*Exercise aim*: Starting at the line that contains "Women's Hoka One", reproduce only the lines through the end of the data, exactly, including both the first and the last; skip the pictures.

[[ Source material open ]]

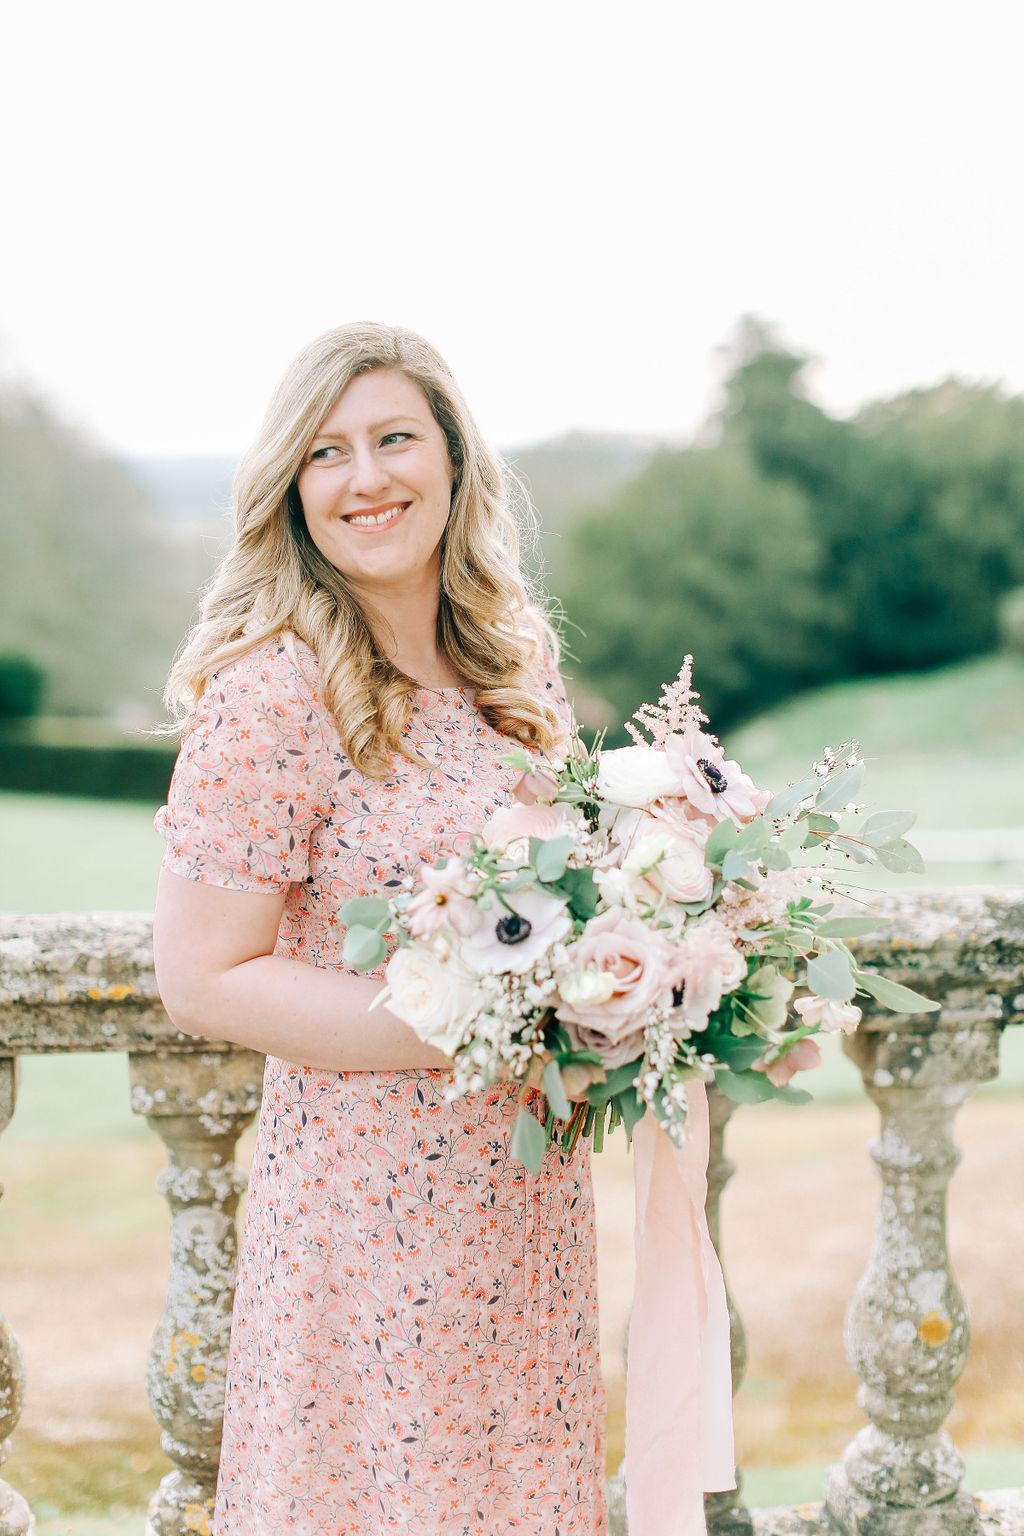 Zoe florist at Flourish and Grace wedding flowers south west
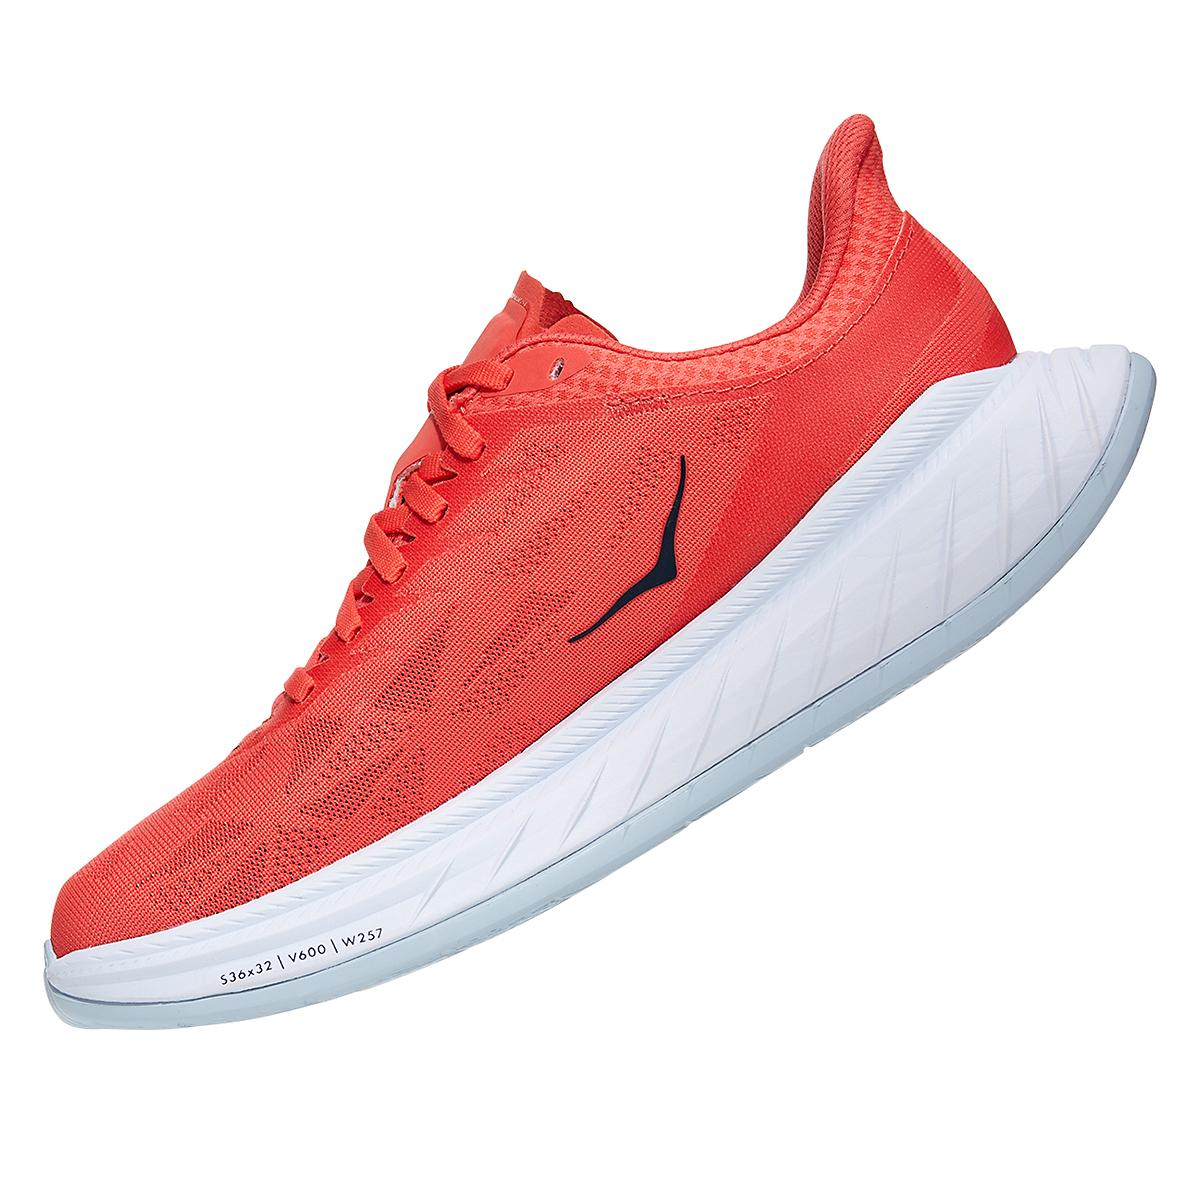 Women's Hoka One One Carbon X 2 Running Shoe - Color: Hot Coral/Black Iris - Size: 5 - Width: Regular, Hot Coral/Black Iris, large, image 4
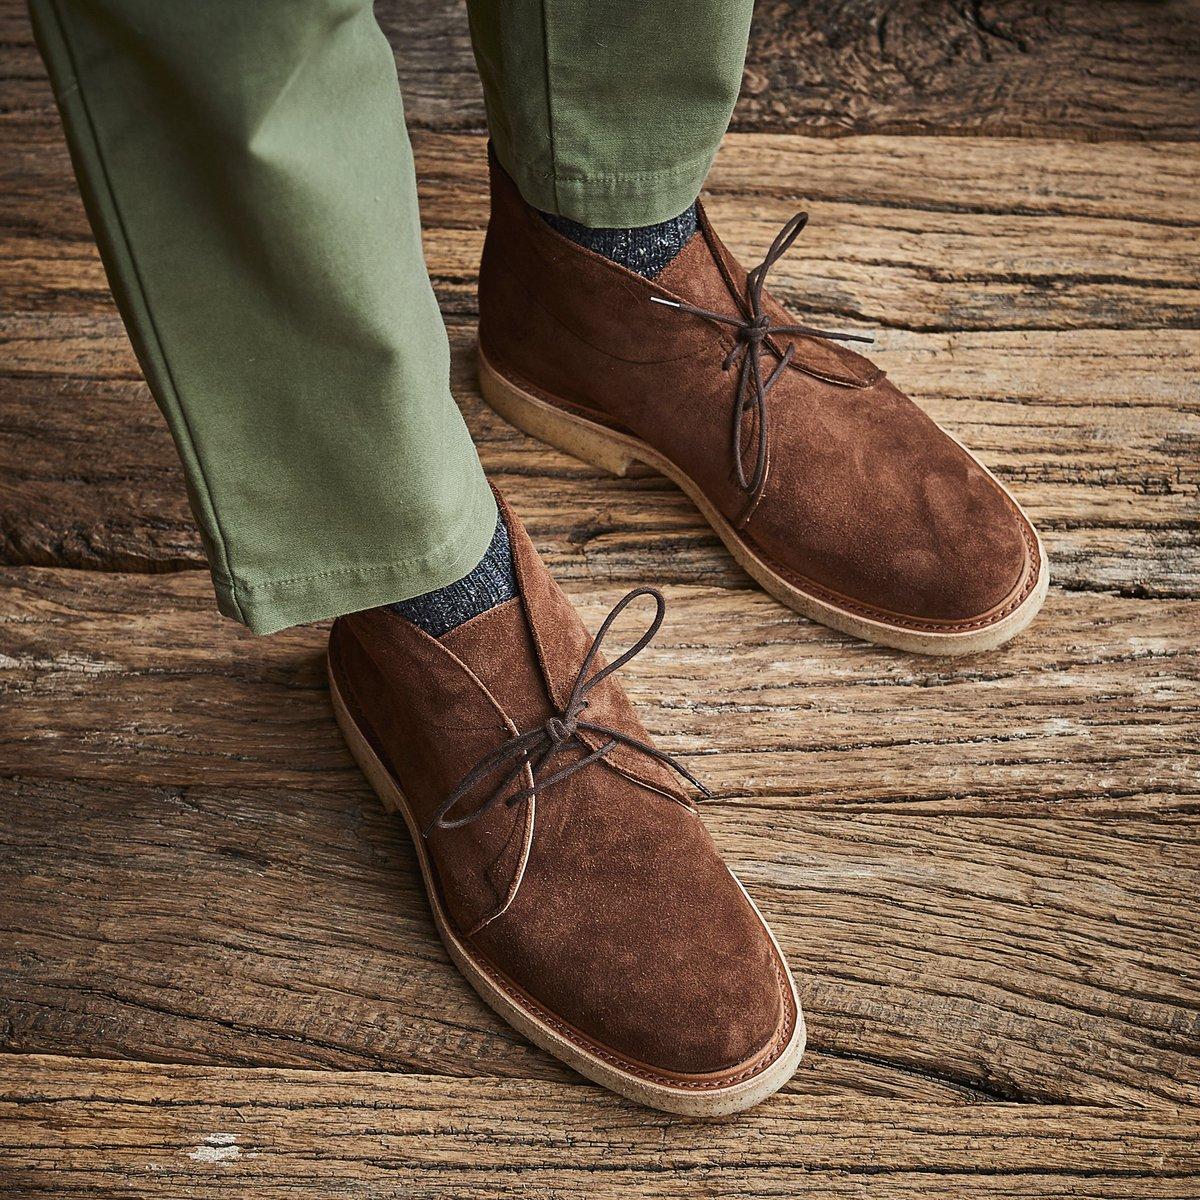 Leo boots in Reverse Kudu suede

[[ Source material closed ]]

*Exercise response*:
 Women's Hoka One One Carbon X 2 Running Shoe - Color: Hot Coral/Black Iris - Size: 5 - Width: Regular, Hot Coral/Black Iris, large, image 4
 Leo boots in Reverse Kudu suede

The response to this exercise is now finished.